The Athletic z okazji tysięcznego meczu Davida Moyesa w roli menedżera dotarło do ciekawych wieści z obozu Manchesteru United z czasów, gdy Szkot był szkoleniowcem dwudziestokrotnego mistrza Anglii. Marouane Fellaini, który pojawił się w klubie razem z nim, płakał po jego zwolnieniu.
Menedżer West Hamu w najbliższym starciu z Genkiem w ramach fazy grupowej Ligi Europy zaliczy swój tysięczny mecz w roli menedżera. W 51 z nich prowadził Manchester United. Jego kadencja w klubie z Old Trafford przypadła na sezon 2013/2014, kiedy przejął schedę po sir Aleksie Fergusonie.
Marouane Fellaini, który został sprowadzony do ekipy “Czerwonych Diabłów” przez szkockiego szkoleniowca, w rozmowie z The Athletic wyjawił, jak trudno przyjął wiadomość o jego zwolnieniu.
– Byłem smutny, kiedy został zwolniony, ponieważ wiem, jak bardzo chciał odnieść sukces.

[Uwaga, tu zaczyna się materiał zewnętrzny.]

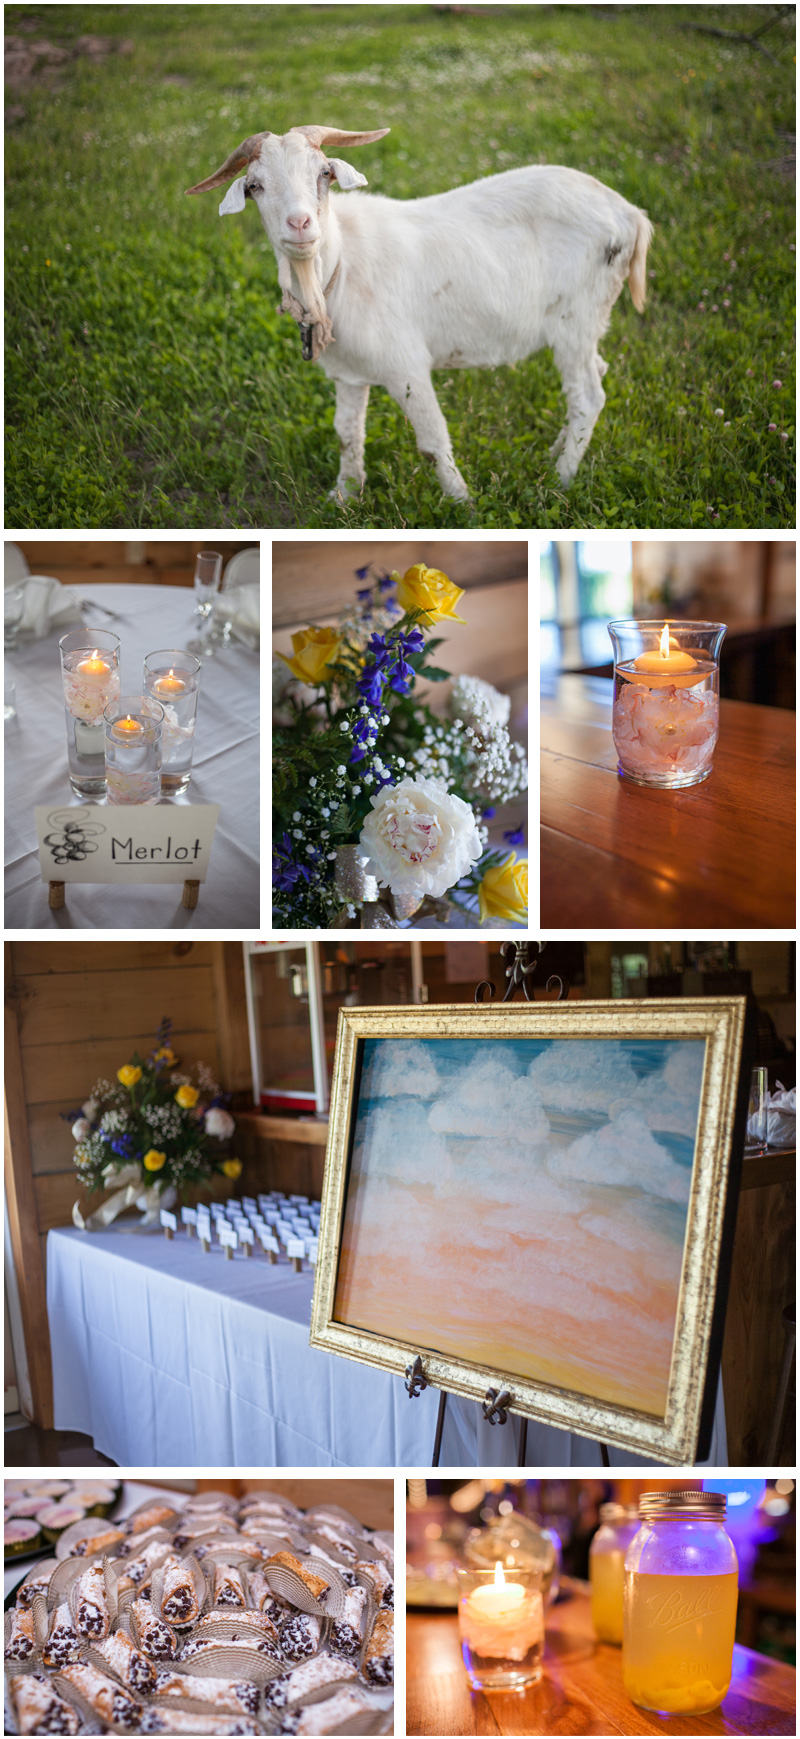 The bride and groom's reception details at their Upstate NY wedding candle votives, a hand painted guesbook, and gorgeous flowers

Jeśli spytacie wszystkich piłkarzy Evertonu, co myślą o Moyesie, to powiedzą wam, że jest przemiłym człowiekiem.
– Sprowadził mnie do Anglii, a potem ściągnął do Manchesteru United, jednego z największych klubów na świecie. Nigdy nie powiem niczego złego na jego temat.
– Mówiłem to od samego początku… Jeżeli otrzyma czas, to stworzy porządną drużynę. Oglądałem w tym sezonie kilka spotkań West Hamu. Stają się zespołem, który trudno pokonać.
– Jeżeli mam być szczery, to płakałem, kiedy dowiedziałem się, że Moyes stracił pracę w Manchesterze United. Sądziłem, że zostanie w tym klubie na długo. To był smutny dzień. Poszedłem do jego biura, aby się pożegnać, zanim on pożegnał się ze wszystkimi. Życzyłem mu powodzenia, ale był to dla mnie trudny czas.
– Moyes to gość z najwyższej półki, ma wielkie serce. Być może właśnie dlatego nie odniósł sukcesu w Manchesterze United. Może dlatego, że jest zbyt miły.
– Trafił do Hiszpanii, potem do Sunderlandu, aż otrzymał pracę w West Hamie. Uratował ich. Potem zdecydowali się na zmianę menedżera, ale Moyes pokazał, co się może wydarzyć, kiedy pozwoli mu się zbudować drużynę.